There is a wealth of data to unlock for a range of different use cases, with the aim of optimizing the utility of data from clinical trials. The need to share data for wide ranging use cases requires the application of emerging privacy enhancing techniques which broadly fall into two categories:

  • Data transformation, which removes potentially identifying features from the data but which may impact the utility of the data and;

  • Behavioural measures which reduce the likelihood of an attempt to identify subjects.

Using innovative methods to adhere to patient privacy can enable data to be harnessed depending on the use case.
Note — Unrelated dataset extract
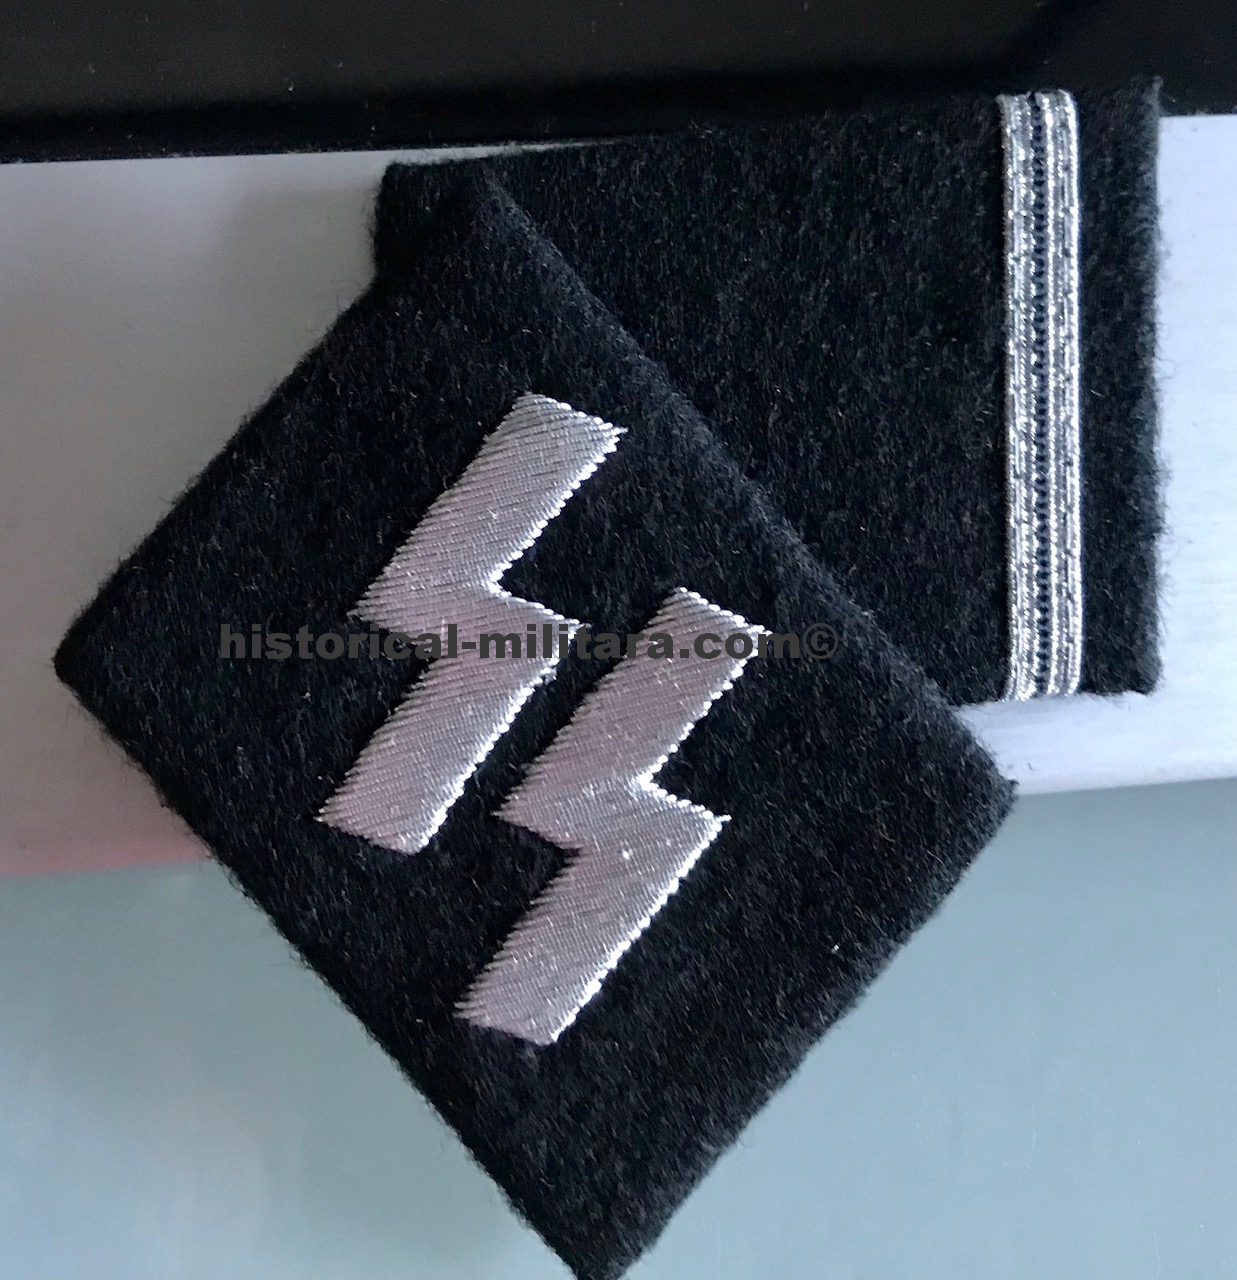 SS-Sturmmann Waffen-SS Kragenspiegel silber - Private First Class SS collar tabs silver - mostrine da Caporale delle Waffen-SS in argento - 1 pair left on stock

This paper will focus on the exploration of use cases for synthetic data, which is a topic generating interest throughout the industry and with European bodies [3]. Synthetic data is ‘data that is artificially created/simulated rather than being generated by actual events.’ [4] Synthetic data is modelled on actual data which mirrors the statistical properties of the original dataset. The goal of generating synthetic data is to enable faster access to fictional but useful datasets. To produce a quality synthetic dataset the complexities of the original data need to be captured, particularly where there is a focus on accelerating research and innovation.

The techniques to generate synthetic data in a way that can bridge the gap between privacy and utility are maturing rapidly in this space. However, with any type of technology and innovation it can be difficult to understand the complexities of synthetic data generation. Creating quality synthetic data requires a specialised skillset and the right technical and organisational measures in place therefore an investment is required to really optimise data utility through synthetic data use.

In this paper, we will consider the following key areas:

  • Assessment on synthetic use cases to optimize data utility,

  • Application of method(s) to produce a synthetic dataset,

  • Utility measurements and parameters to ensure quality of the synthetic dataset,

  • Potential challenges for the use of synthetic data.

2 Synthetic data use cases for optimising data utility

There are seven key use cases which this paper will explore to optimize data utility using synthetic data (Fig. 1) shows the relationships that can exist between the different use cases. For example, synthetic data can be used for machine learning purposes, which is also related to training due to the use case for training machine learning algorithms. Training is a separate use case, as training can also encompass the training of employees on realistic data. The seven use cases illustrate the potential of a synthetic data ecosystem that can be inter-connected throughout an organization to collect, store, analyze, and leverage data. Forrester Research identified synthetic data as a ‘critical technology’ [5] which will advance AI possibilities under ‘AI 2.0’ [5] as an emerging ecosystem.

Fig. 1
figure 1

The use cases to be explored for synthetic data use and the direct/relationships between the use cases

A summary is provided (Table 1) of the use cases that this paper will explore with a high level observation on the financial, technical and organizational or reputational impact synthetic data could have on adoption within the Pharmaceutical industry.

Table 1 Summary exploration of use cases and the considerations on financial, technical, organisational and reputational impact

2.1 Requirements

One important question which will vary by use case is, how well does synthetic data need to capture all the properties within the original data? For all use cases there is a baseline requirement to ensure that no patients from the original dataset can be re-identified from the synthetic data or that any inferences could be made about them.

For some of the use cases: Machine learning—evaluation, Internal software testing, Education, training and hackathons and vendor assessment, higher level agreement between the original and synthetic datasets may be less critical. It will be important that each variable in the synthetic data covers the same range and distribution of values, including the same missing values as the original, and maintains key correlations e.g. zero cells in cross-tabulations, but for these applications capturing higher level data structure may be less important.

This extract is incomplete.